Also give the example of n = 4, and assume that on the premise of we already know the first cycle and the second cycle, let 1 2 3 4 5 6 7 8 converted into 5 1 2 7 3 8 4:
first cycle:1 -> 2 -> 4 -> 8 -> 7 -> 5 -> 1 second cycle:3 -> 6 -> 3:
Original array:1 2 3 4 5 6 7 8 Array subscript:1 2 3 4 5 6 7 8
take the first cycle:5 1 3 2 7 6 8 4 take the second cycle:5 1 6 2 7 3 8 4
The algorithm above of walking along the cycle which we name it as cycle_leader, this part of the code is as follows:
//Array index starts at 1, from is the leader of the cycle, mod is the number of modulo which should be 2 * n + 1, the time complexity is O (cycle length)
void cycle_leader(int *a, int from, int mod)
{
int t, i;
for (i = from * 2 % mod; i != from; i = i * 2 % mod)
{
t = a[i];
a[i] = a[from];
a[from] = t;
}
}
2.3.2、Magic Conclusion: If 2 * n = (3 ^ k - 1), the number of the cycle and the starting position of the leader each cycle can be determined
Now I want to refer to a conclusion from the paper "A Simple In-Place Algorithm for In-Shuffle",that is In an array of order 2*n = (3^k-1), we have exactly k cycles with 1,3,9,...3^(k-1) each belonging to a different cycle as cycle leader.
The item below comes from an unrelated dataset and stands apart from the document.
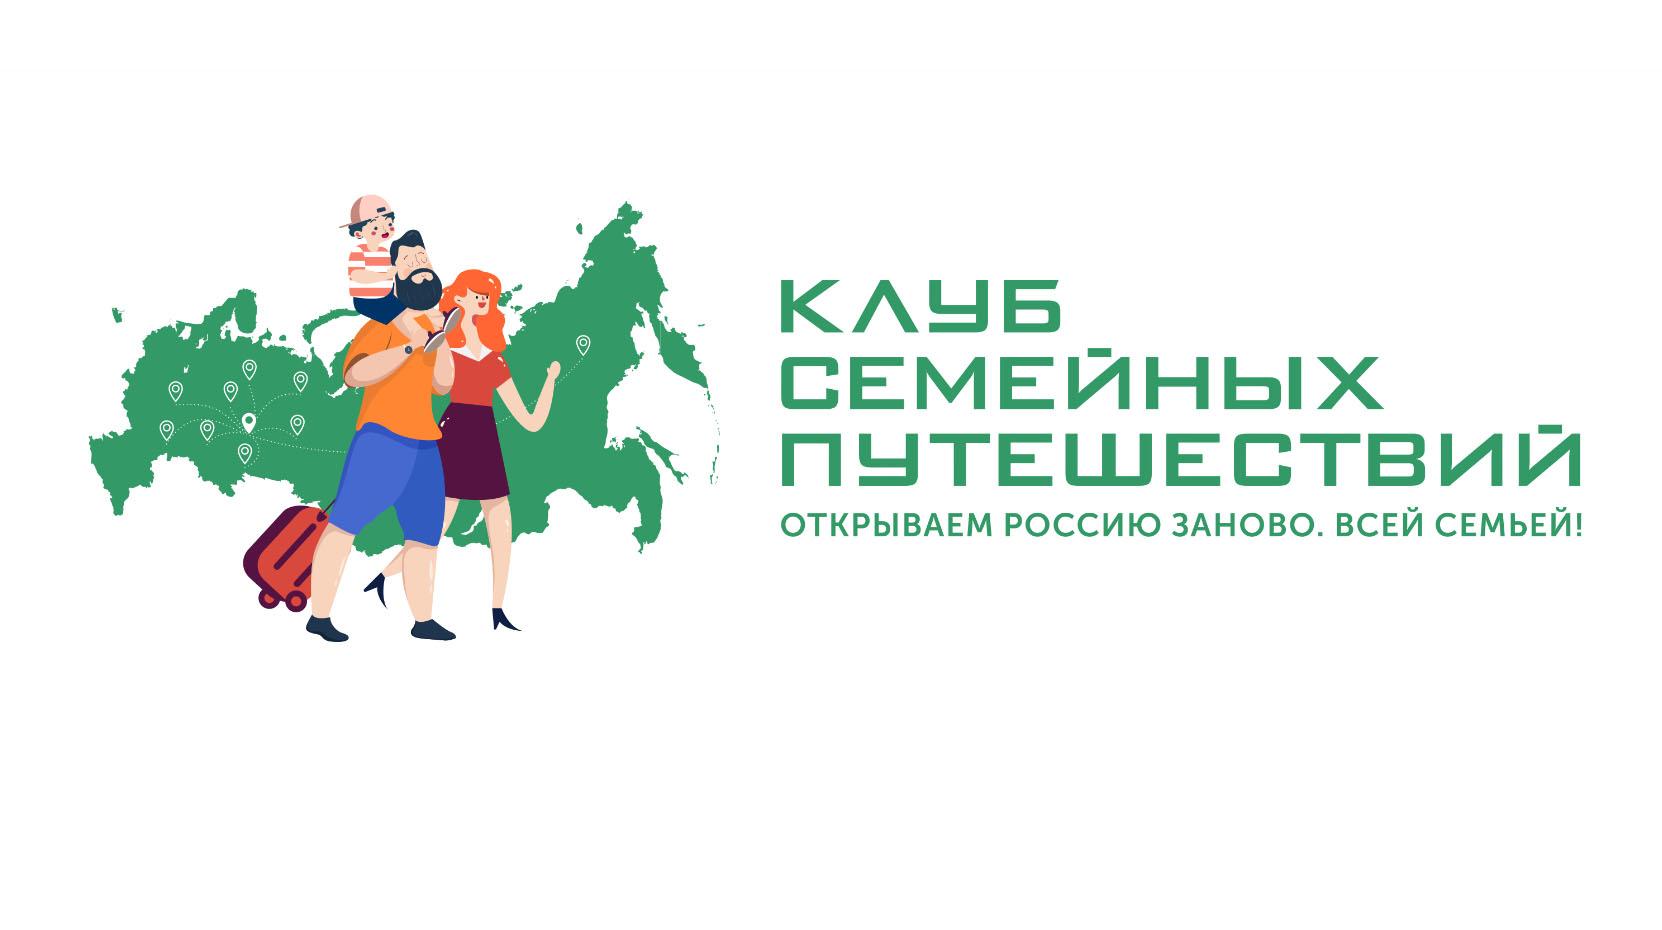 Приглашаем ярославцев к участию в конкурсе «Открываем Россию заново. Всей семьей!»
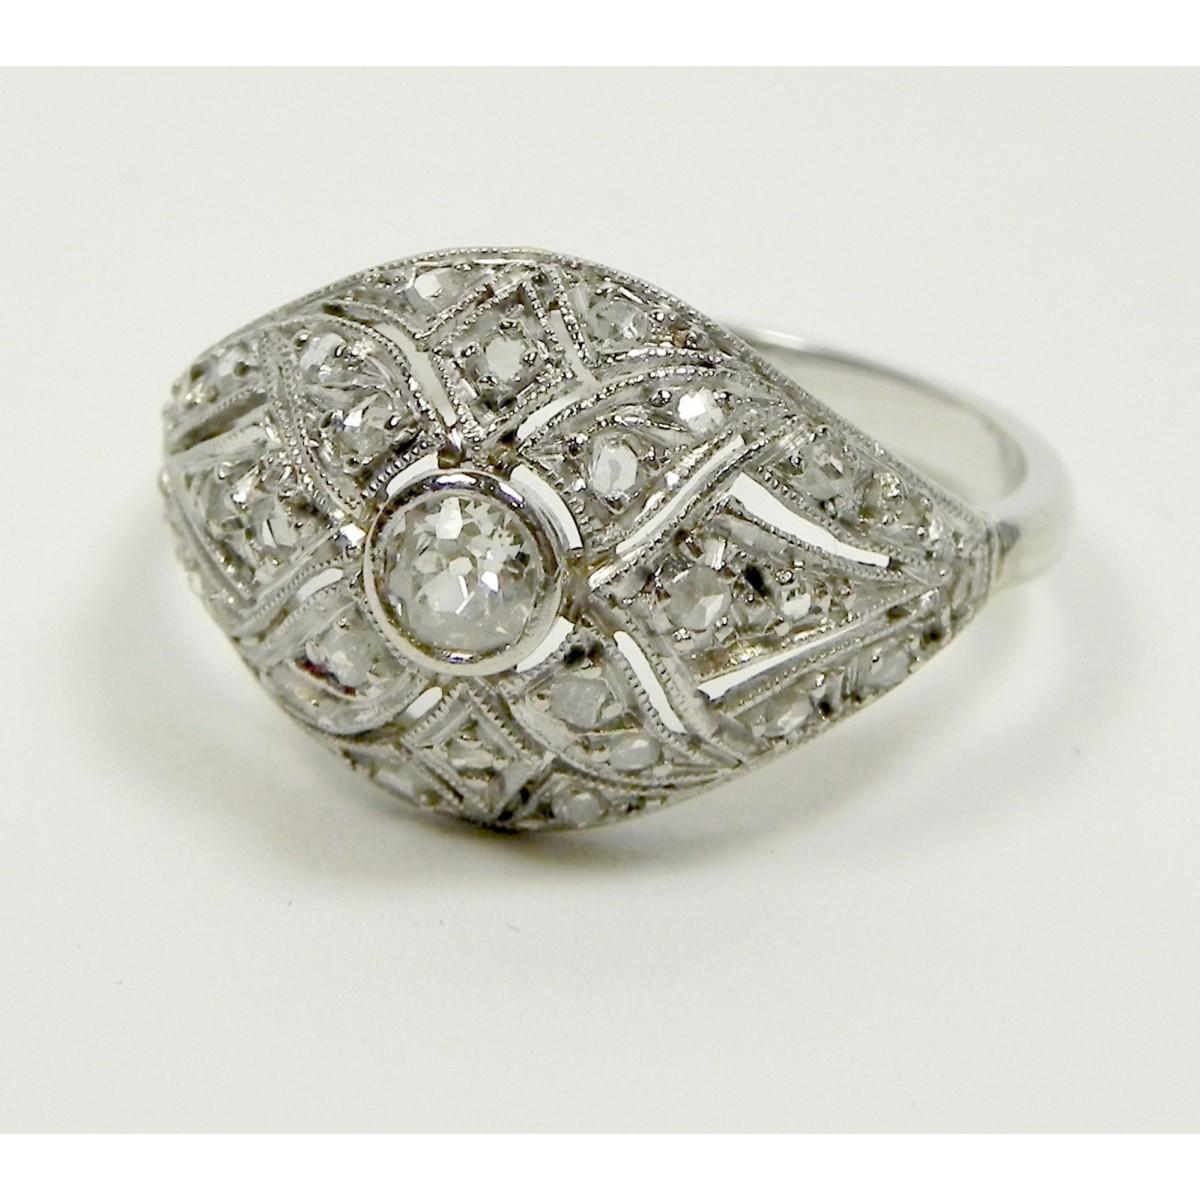 Connu Rare bague art déco or platine et diamants - Muse & Or KQ58

The original part of the paper:
In other words, using the above conclusion, we can solve problem regarding array of this particular length 2 * n = (3 ^ k-1), so if a given length n is arbitrary what we supposed to do? At this point, we can learn from 2.2, divide and conquer algorithm, the entire array is divided into two, namely, split into two parts:
Let some length to meet the Migic Conclusion: If 2 * m = (3 ^ k-1), so there is just k cycle, and the starting position of the leader of each cycle are 1,3,9, ... 3 ^ (k-1),where m <n, m is a desired value being in line with Magic conclusion;
The remaining n-m section calculate separately;
When n is decomposed into two parts,that is m and n-m, the subscript corresponding to the original array as follows (For convenience of description, we still look at the subscript):
Original array subscript:1..m m+1.. n, n+1 .. n+m, n+m+1,..2*n
Refer to Section 2.2 before, divide and conquer algorithm, and more in order to make the first part of the sequence to meet the Migic Conclusion 2 * m = (3 ^ k-1), we can exchange the middle two segments of length m and n-m respectively,which is equivalent to doing a right cycle of elements m +1 .. n, n +1 .. n + m by a sidtance m(why? because after this operation, the length of the first portion of the array is 2m, according to Magic conclusion: When 2m = 3 ^ k-1,it has exactly k cycles).
And if the reader read the first chapter of this series, left rotation of the string, then it should be realized that there is a cycle of displacement O (N) algorithm.We can achieve this by reversing the sub-array (m+1.. n)followed by a reversal of the sub-arrays (n+1 .. n+m) and (m+1.. n, n+1 .. n+m.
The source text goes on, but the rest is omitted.